Смерть как праздник: психология террористов сто лет назад и сейчас.
Карета министра внутренних дел России Вячеслава фон Плеве, разрушенная взрывом. Петербург, 15 (28) июля 1904 года.
06.12.2015
Группировка “Исламское государство” (признана террористической в России и ряде других стран. – РС) обладает для тех, кого вербует в свои ряды, наивысшим революционным драйвом со времен большевистской революции в России и фашистских движений в Европе, заявил на слушаниях в комитете по борьбе с терроризмом при Совете Безопасности ООН американский антрополог Скотт Этран, специалист по экстремистским организациям.

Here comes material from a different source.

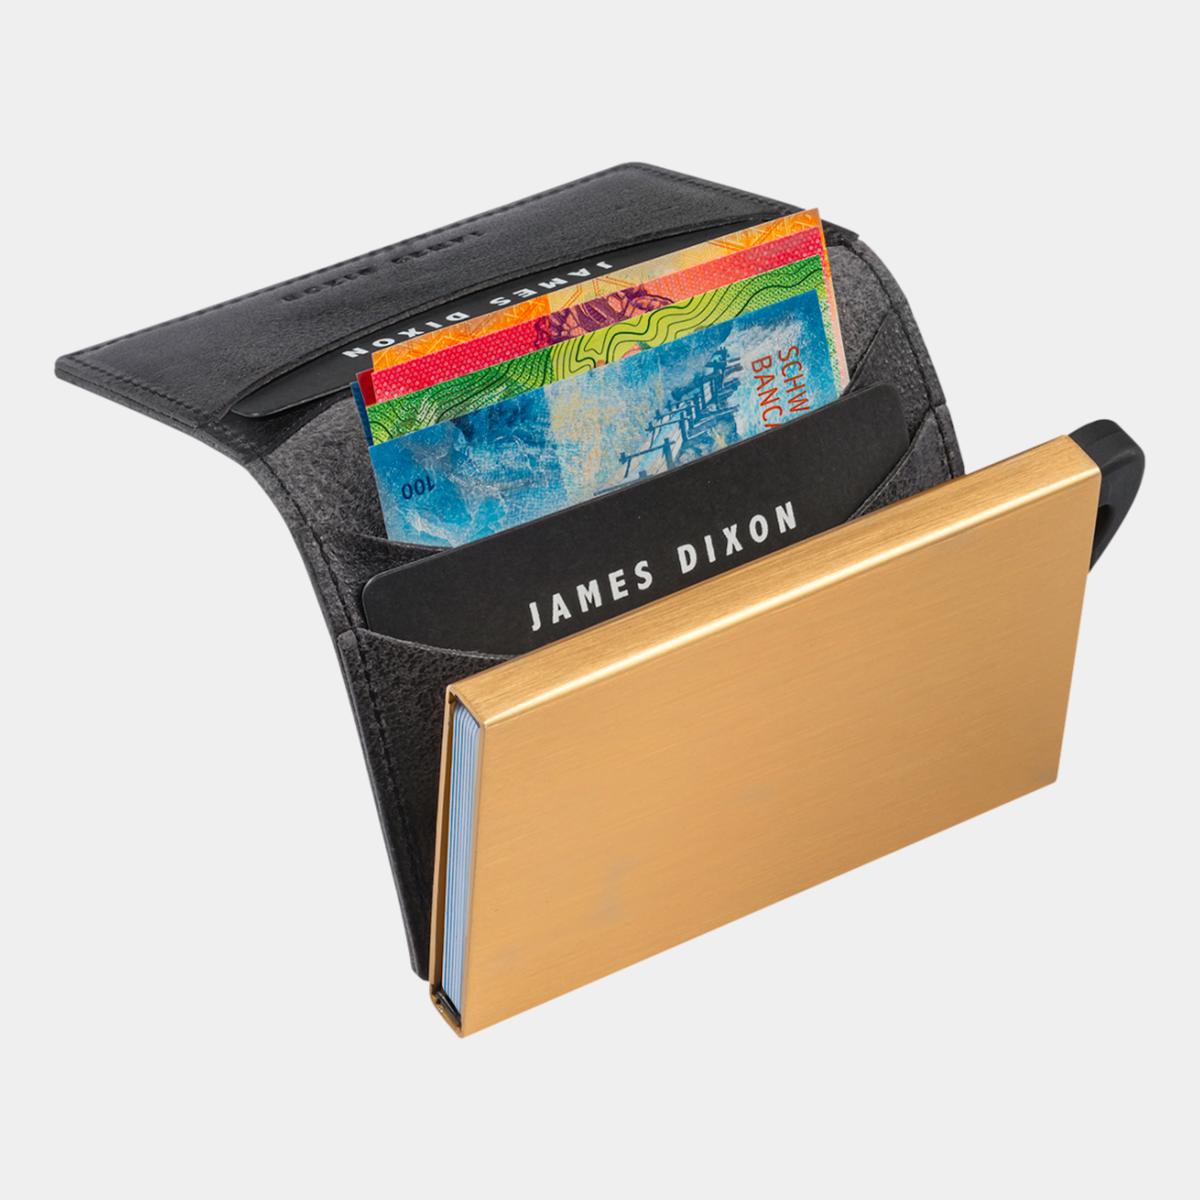 jd0060 james dixon puro raw black gold wallet notes

Можно ли говорить о том, что нынешний фанатизм исламских террористов – явление не новое и встречалось в революционных движениях прошлого, в том числе и в России? Каковы перспективы борьбы с террористами, если учитывать уроки истории? Об этом в интервью Русской редакции Азаттыка — Радио Свобода размышляет Леонид Прайсман – израильский историк, сотрудник Иерусалимского университета, автор книги “Террористы и революционеры, охранники и провокаторы” и других работ о русском революционном движении.
– Чисто психологически речь идет о том, что есть молодые люди, которые абсолютно уверены, что их основной целью является уничтожение того общества и того строя, в котором они живут, потому что это общество и строй, по их мнению, чудовищно несправедливы. Например, если мы возьмем самую страшную террористическую организацию начала ХХ века – Боевую организацию Партии социалистов-революционеров, то в нее шли люди из самых разных сословий, в том числе представители дворянских семей. Эти люди были убеждены, что царская власть – это какая-то дьявольская власть. Причем среди этих людей были и верующие.
Сейчас говорят, что якобы мусульмане-террористы верят, что их на том свете ждут 72 гурии и прочие радости. Но если мы посмотрим, как умирали эсеровские боевики, никаких гурий не ждавшие, если вспомним знаменитый “Рассказ о семи повешенных” Леонида Андреева, то, как эти люди умирали, – они шли на казнь как на праздник, отдавали свою жизнь за самое святое, во что верили. И мы знаем, к какому ужасу эти люди в итоге привели Россию. Психологически, наверное, в этом можно найти общее с нынешними радикальными исламистами. Тут не в гуриях дело.
Разница же заключается, видимо, в том, что у революционеров прошлого всё же были какие-то моральные границы. Вот пример: террорист Иван Каляев при первой попытке покушения не бросил бомбу в карету великого князя Сергея Александровича, московского генерал-губернатора, поскольку в карете, кроме великого князя, находились дети его брата Павла, которых великий князь Сергей воспитывал. Каляев потом спросил у одного из эсеровских лидеров – Бориса Савинкова: “Скажи, пожалуйста, ты считаешь, что я прав? Если Боевая организация партии скажет мне в твоем лице, что я неправ, что, мол, пойди и убей, я пойду и убью”. Савинков сказал, что он был прав. Впрочем, через два дня Каляев совершил вторую попытку и убил Сергея Александровича. Это очень своеобразная мораль, но все-таки здесь есть какие-то границы. Революционные террористы убивали, как правило, тех, кого считали своими врагами. Другое дело, что толкование понятия “враг” могло быть весьма широким. Например, были такие анархисты-безмотивники. И вот, кофейня Липмана в Одессе, декабрь 1905 года, там сидят в основном еврейские семьи с детьми, и евреи-террористы из числа этих анархистов забрасывают эту кофейню бомбами. За что? А в кафе, считают они, рабочие не сидят, в кафе пирует кровавая буржуазия. То есть идеологические мотивировки были сильные.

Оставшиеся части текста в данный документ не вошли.